Sich vom Kreuz berühren lassen – Kreuzreliquie

Die katholische Kirche ist stolz auf seine jahrtausendalten Traditionen und Bräuche. Im Laufe der Zeit haben einige ihre Bedeutung verloren, andere können neu für die Gegenwart interpretiert werden. Die Verehrung des Kreuzes Jesu Christi stammt aus dem 4. Jahrhundert und soll nun einen Platz in der Josefskirche in Burglengenfeld finden.

Mittelalterliche Menschen lebten ihren Glauben auf eine sehr sinnliche Art und Weise aus. Es galt das Heilige zu sehen und zu berühren. Unter dem Einfluss der Reformation wurde in den deutschen Landen die Sinnlichkeit des Glaubens durch Rationalität verdrängt. Jetzt entdeckt man wieder, dass der Glaube an Gott durchaus sinnlich ist. Das Licht und der Duft einer entzündeten Kerze unterstreichen ein Bittgebet, das in einer Kirche gesprochen wird. Weihwasser lässt uns erfahren, dass wir in der Taufe in die Liebe Gottes eingetaucht wurden.

Die uralte Verehrung des Kreuzes Jesu Christi, die im Mittelalter ihren Höhepunkt erreichte, reiht sich ein in die Tradition sinnlicher Glaubenserfahrung. Die Sehnsucht gläubiger Menschen, sich vom Kreuz Christi berühren zu lassen, führte zu Tradition der Kreuzreliquien oder Kreuzpartikel. Eines dieser Reliquien hat nun sein neues Zuhause in der Josefkirche zu Burglengenfeld gefunden.

Hierbei handelt es sich um zwei ca. 2-3 Millimeter große Holzspreißel, die in einer verschweißten Kapsel zu einem kleinen Kreuz drapiert wurden. Die Kapsel wiederum ist eingearbeitet in ein ca. 24 cm großes Metallkreuz, das Ende des 19. Jahrhunderts in Abensberg angefertigt wurde. Kreuz und Kapsel sind eine Leihgabe des Caritas-Diözesanverbandes, der an diese durch eine Kapellenauflösung gekommen ist. Domkapitular Michael Dreßel übergab das Kreuz als Dauerleihgabe an seinen Kurskollegen Dekan Michael Hirmer.

Bei näherer Untersuchung des Kreuzreliquars stellte sich heraus, dass in dessen Fuß eine in Latein verfasste bischöfliche Urkunde eingeschlossen war. Gymnasiallehrer Dr.

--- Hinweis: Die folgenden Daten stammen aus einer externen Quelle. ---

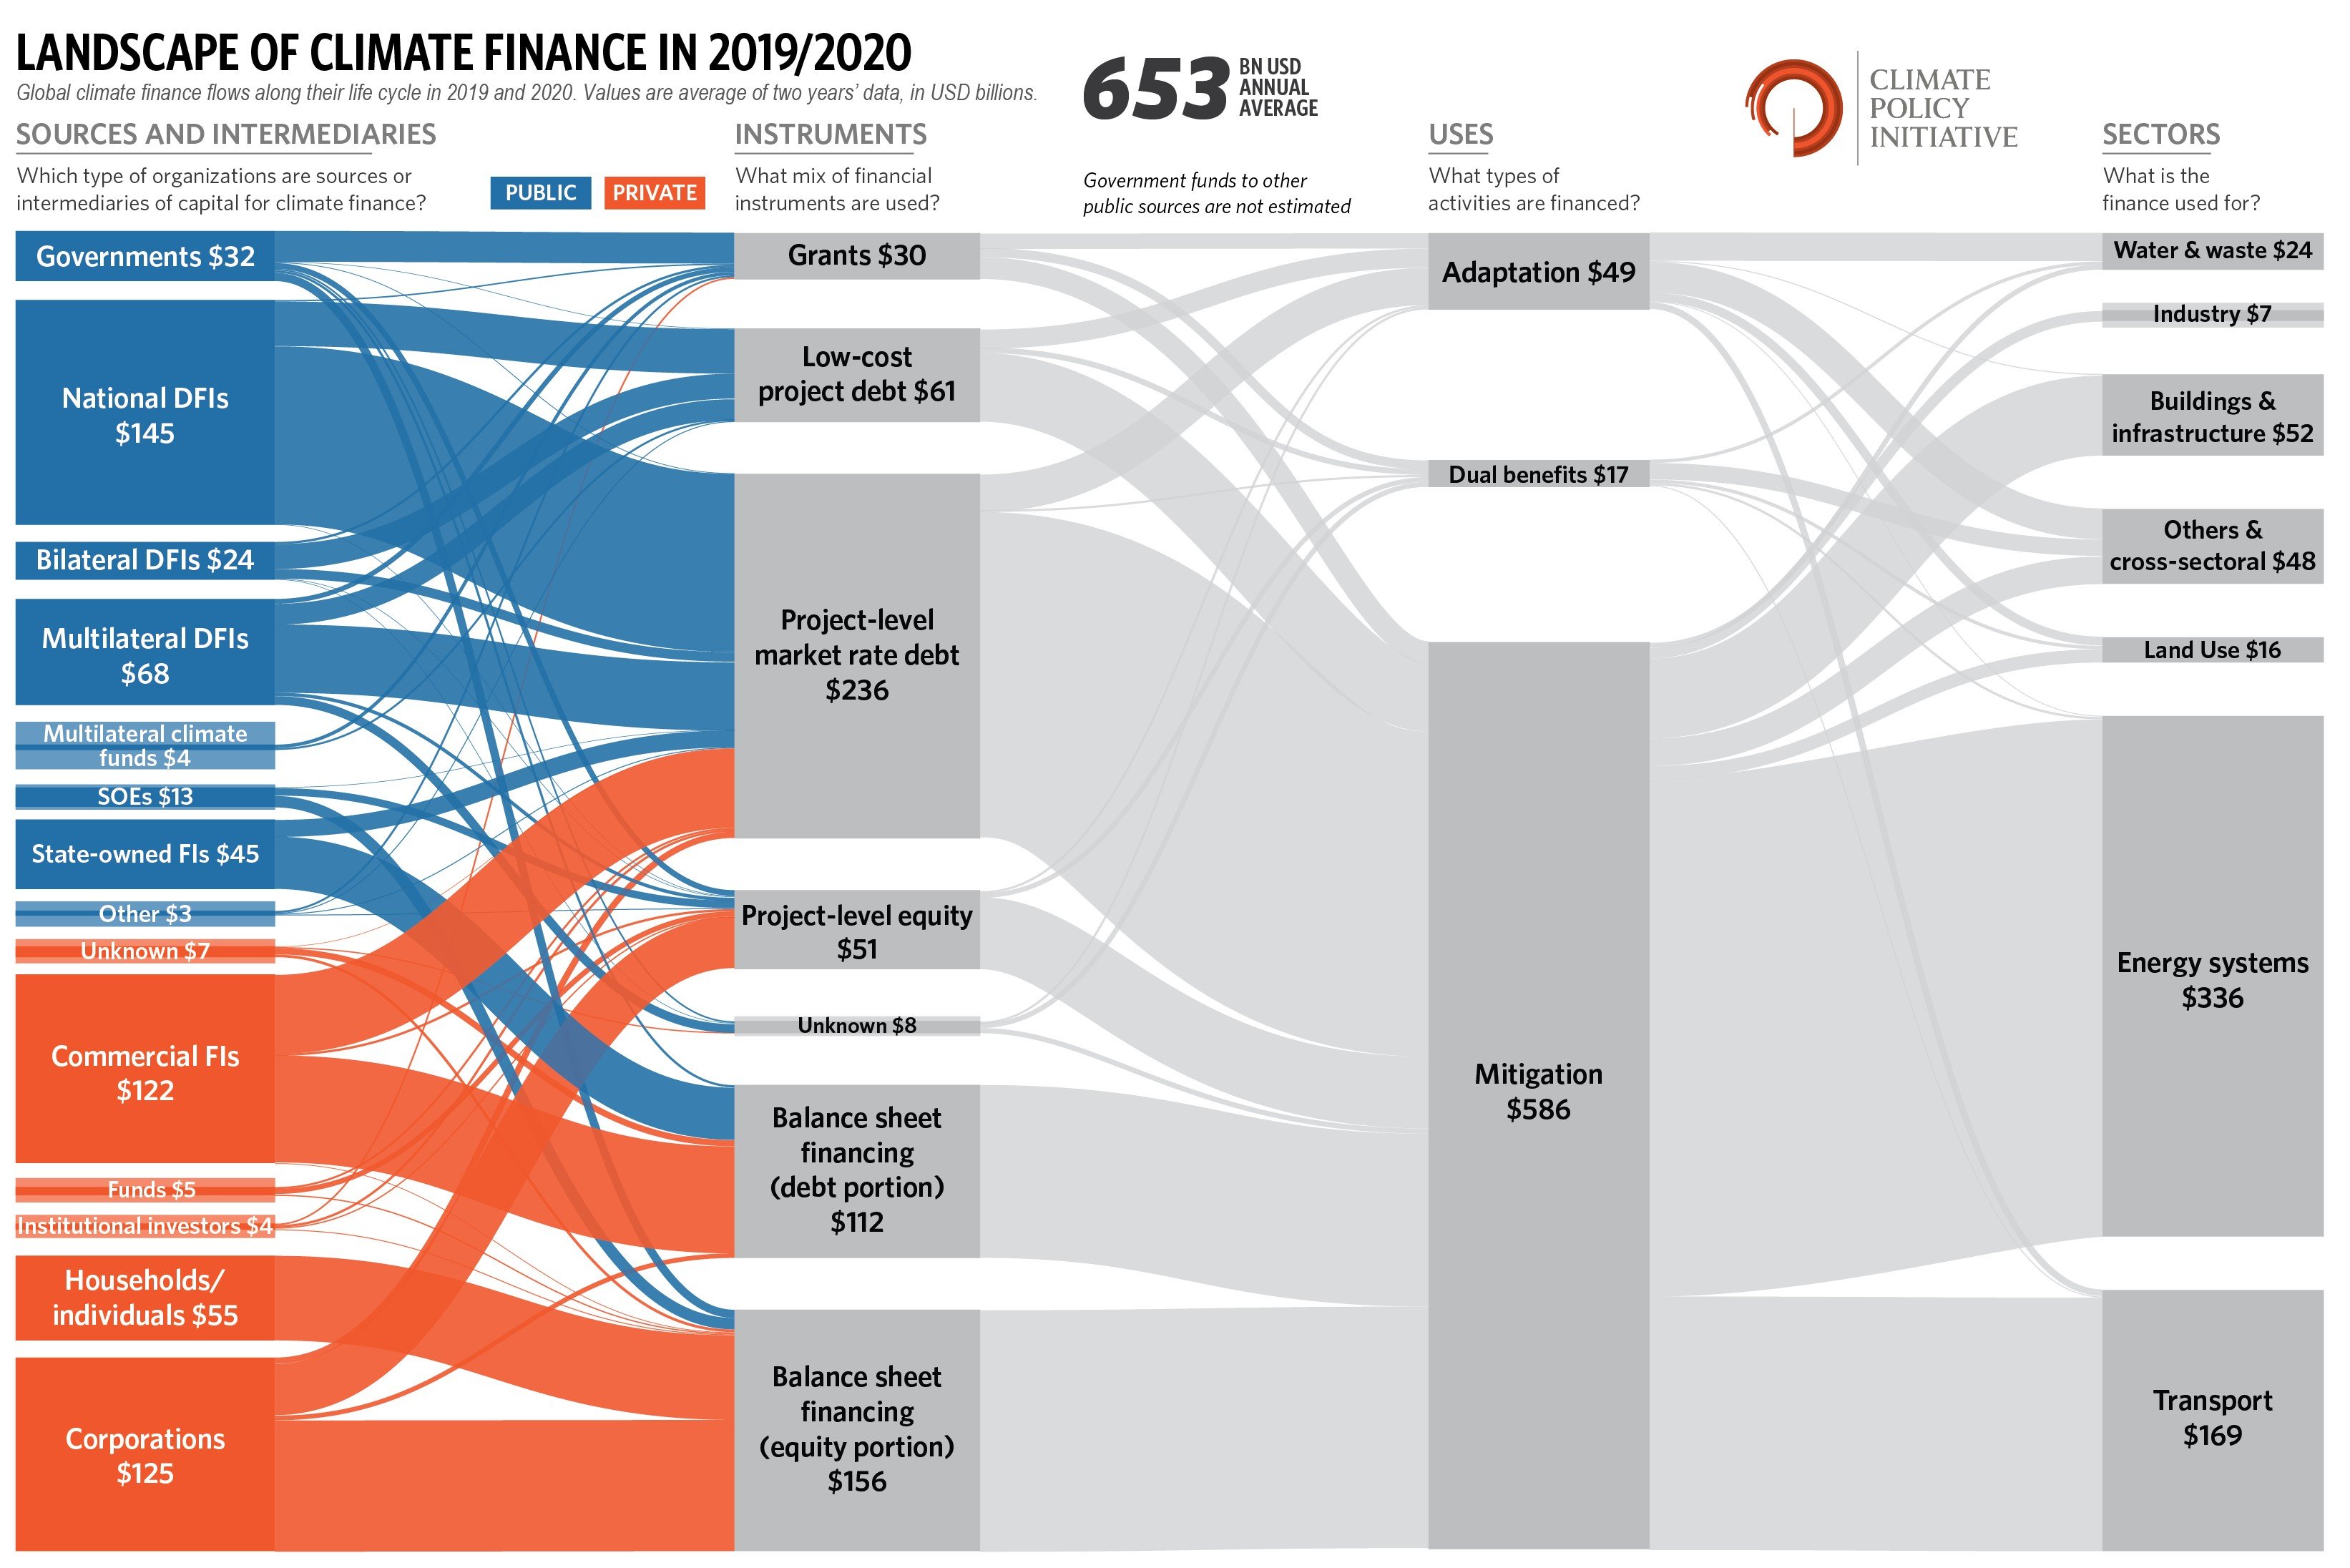 Graph showing landscape of climate finance in 2019/2020

Bernhard Paul übersetzte diese. In ihr bestätigt im Jahr 1880 Bischof Johannes Baptista Scalabrini die Echtheit der Kreuzsplitter, die in die Kapsel eingearbeitet wurden. Wie sich durch die weiteren Nachforschungen von Dr. Paul herausstellte, war Johannes Baptista Scalabrini (+ 1905) Bischof von Piacenza und hat sich sehr für die italienische Auswandererseelsorge in den USA verdient gemacht. Er wurde deshalb 2022 von Papst Franziskus heiliggesprochen. Nach der Tradition der katholischen Kirche gilt die Urkunde nun selbst als eine Berührungsreliquie.

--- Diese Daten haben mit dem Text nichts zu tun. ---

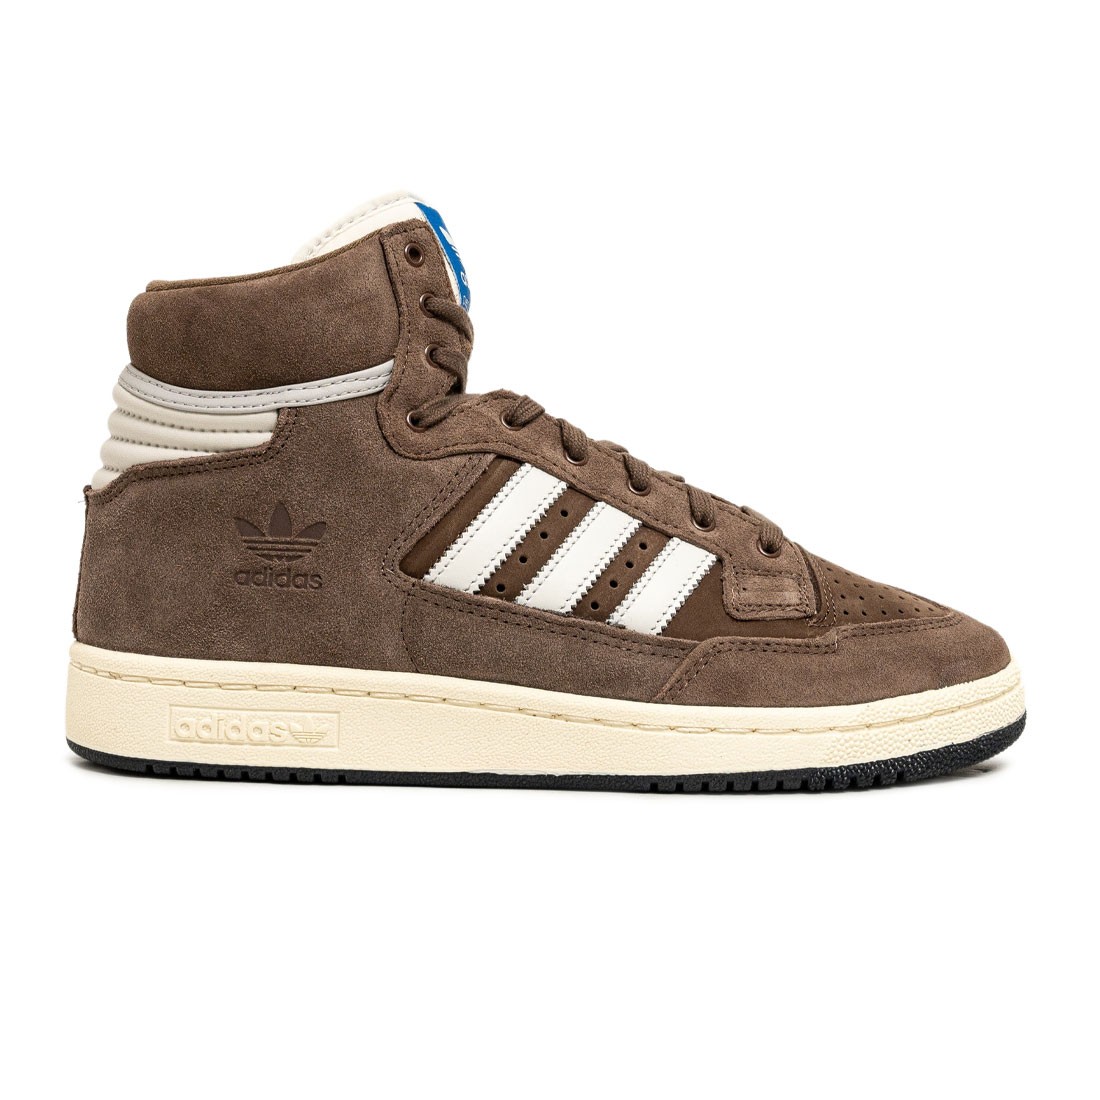 adidas b37093 pants for women shoes girls boots

Im liturgischen Gebrauch werden Kreuzpartikel bis heute beim sogenannten „Wettersegen“ verwendet. Wie der Name schon sagt, wird von Christi Himmelfahrt bis zum Fest Kreuzerhöhung (14. September) für gutes Wachstum und eine gute Ernte gebetet. In unsere Zeit übersetzt betet die katholische Kirche um Erhalt und nachhaltige Nutzung der Schöpfung zum Wohle aller Menschen. Neben dieser Verwendung sollen in der Josefskirche einmal jährlich die Gläubigen einzeln durch Auflegung des Kreuzsplitters gesegnet werden. Dabei wird vor allem um Gesundheit und ein zufriedenes Leben gebetet.

Eine solche Einzelsegnung fand am 05. April am Ende der Vorabendmesse statt. Alle Gottesdienstbesucher traten zum Altar und sprachen ihren Segenwunsch aus. Pfarrer Michael Hirmer legte jedem Einzelnen die Kreuzreliquie auf die Stirn und fasste den Segenswunsch jedes Gläubigen in Worten.

Die Fotos zeigen Pfarrgemeinderatsvorsitzende Edith Fischer, Kirchenpfleger Hubert Fleischmann, Mesner Martin Priol und Dekan Michael Hirmer.